Chuckry offers an example of an event that the organization has tried to get media to cover in the past. “Surrounded by Cedar has been involved with an event called the Aboriginal Back-to-School Picnic for years.” She says the event is about creating new positive associations around the return to school, in light of the residential school legacy. “2200 bags of supplies were distributed in here Victoria, up the Island, on the mainland and in the North. I haven’t seen even one single media report on it.”
We can be clear about our intentions.
When working on a long-term project or a journalistic beat with no end in sight, it’s important to keep mission in mind. I like to check in with myself and measure my work against my mission by asking these questions:
- How will this story help to break down complexity?
- Am I helping to set the table for meaningful conversations? Am I bringing people together around solutions — or deepening divisions in a system that’s fraught with adversarial relationships?
- How does this story challenge stereotypes or perpetuate them?
- In breaking this story, what else might I break in the process? What are the potential negative consequences of telling this story? Who stands to lose? Is it still worth it?
We can work together to develop better ways of reporting and stronger stories.

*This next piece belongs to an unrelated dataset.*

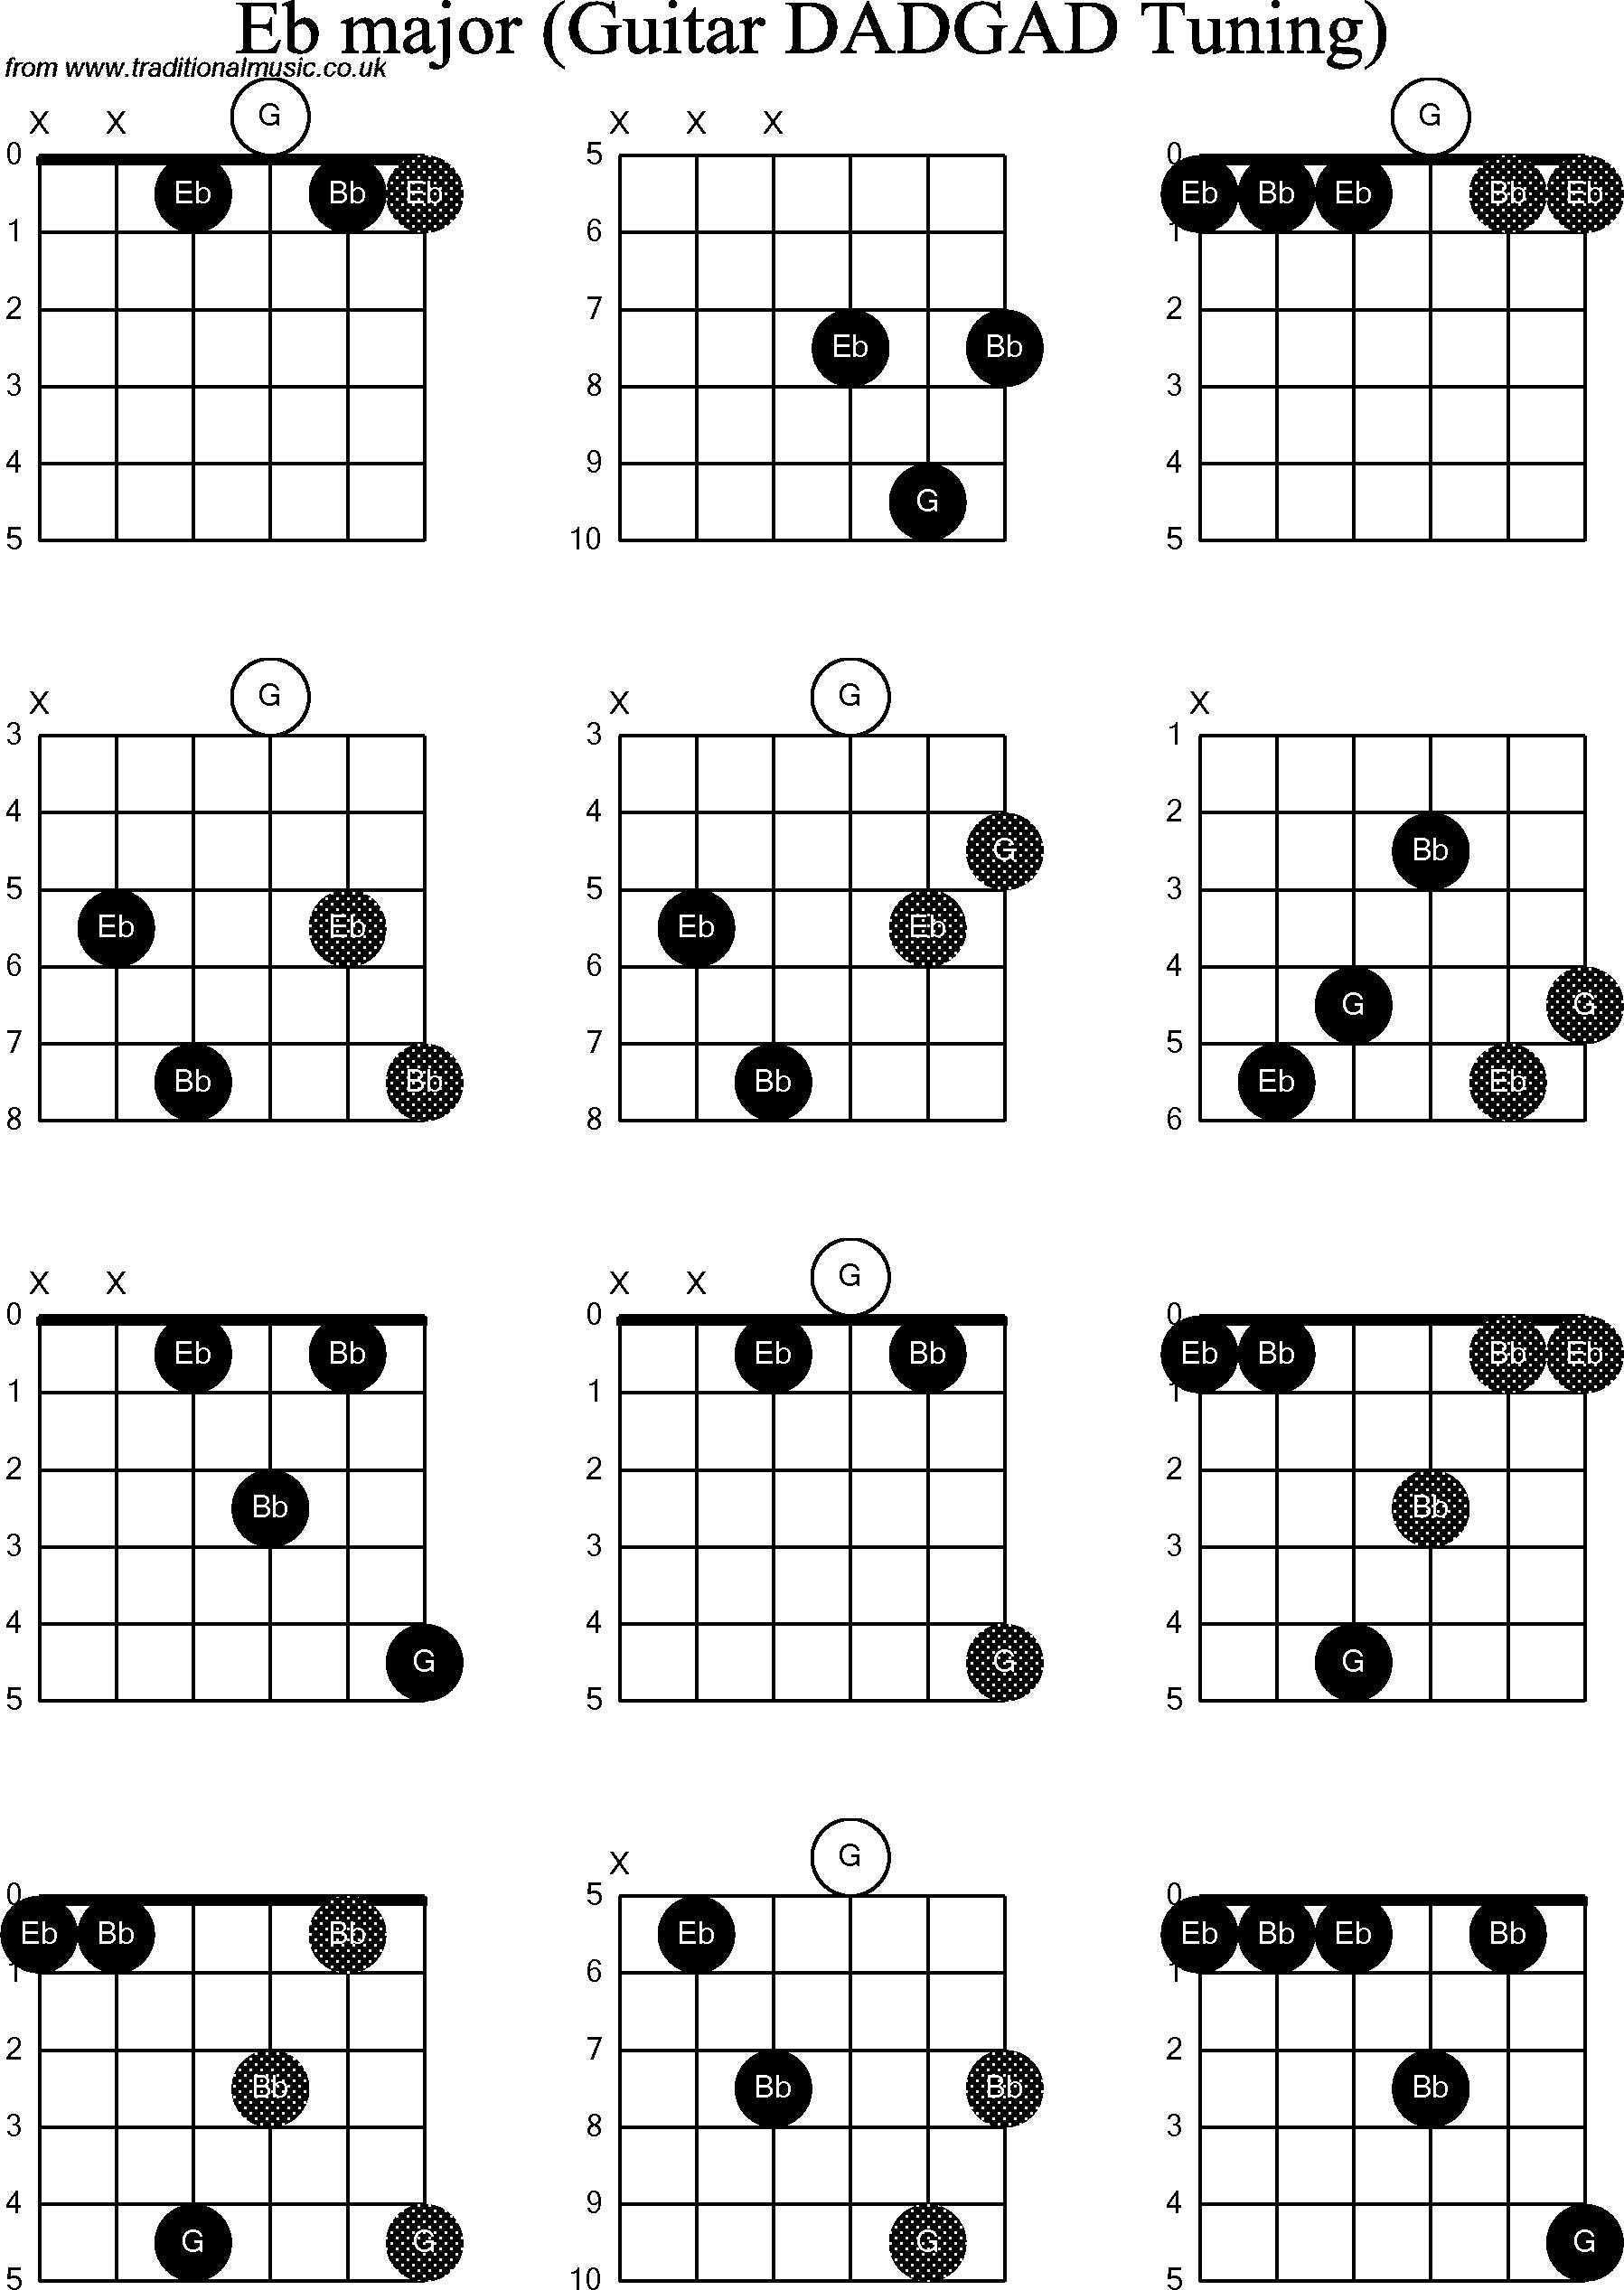 Chord Diagrams for D Modal Guitar(DADGAD), Eb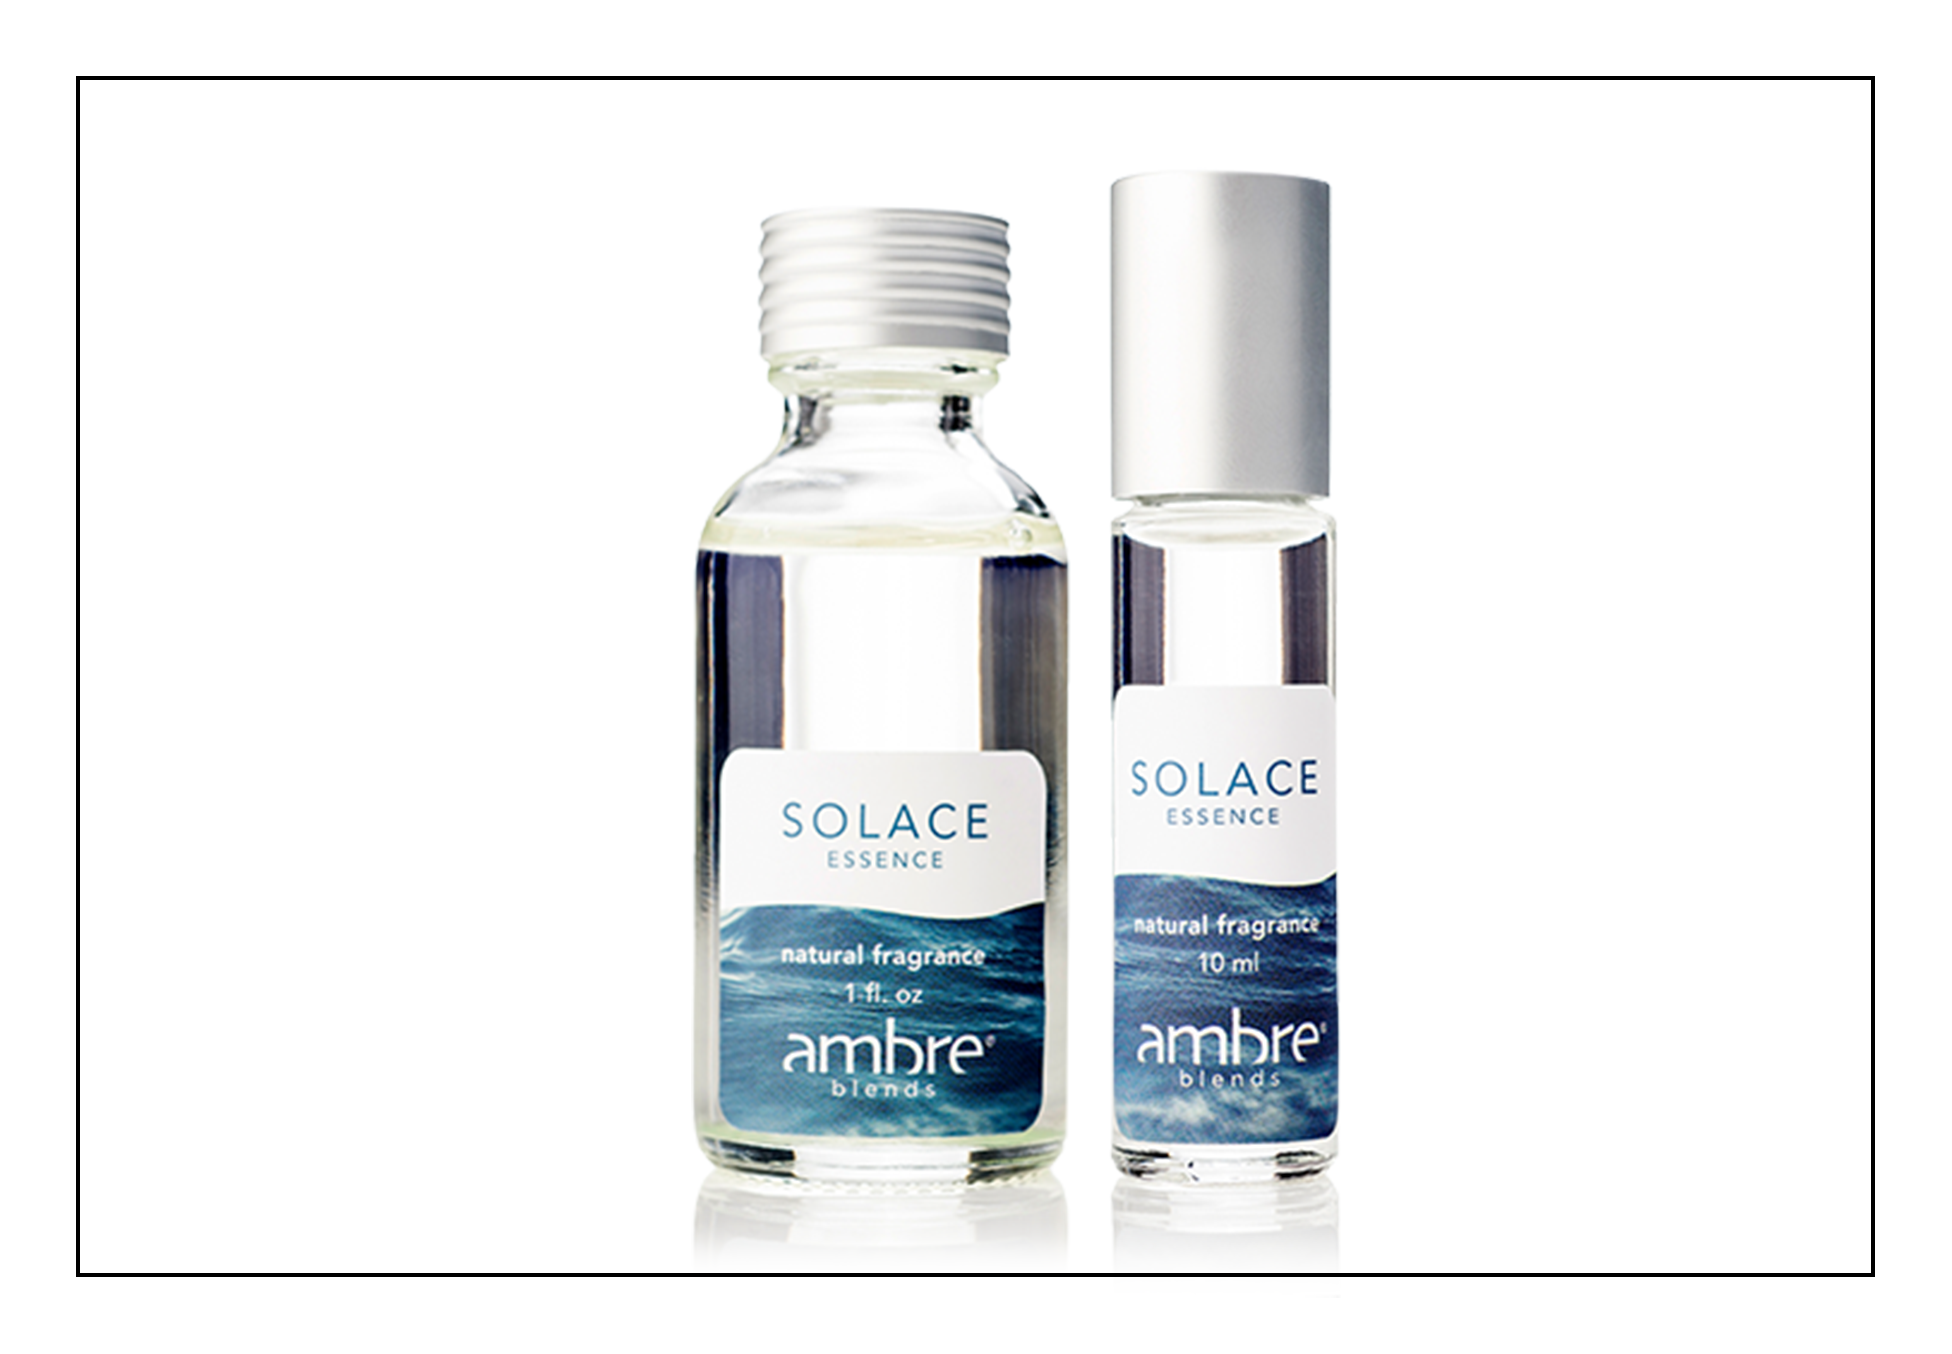 for the girly girl. - natural essential oil fragrance that smells like D&G light blue!

I’ve spent a lot of time this year organizing with other journalists and our youth media fellows, and I’ve seen that there’s appetite for more collaborative work, especially among young journalists. Most of the journalists who came to our free workshop series came without the backing of a big organization, bootstrapping a budget together for two days in Victoria. I was inspired by their curiosity and their humility.
I believe journalists like these ones have the capacity to bring about significant change, to help realize better outcomes for kids and families. I’ve been working with some of them to organize Child Welfare Media Day, on Nov. 22; it’s a first step toward building a network of journalists who are committed to better coverage of this complex system. And I’ve seen the potential for a much broader network. Journalists across Canada and further afoot have told me they’re interested in working more collaboratively.
In a system where meaningful data is scarce (or incredibly difficult to analyze — for example, try making comparisons between child protection trial delays over time) and reporting ethics are vague, there’s so much to gain from working together.
This piece was edited by Lindsay Sample.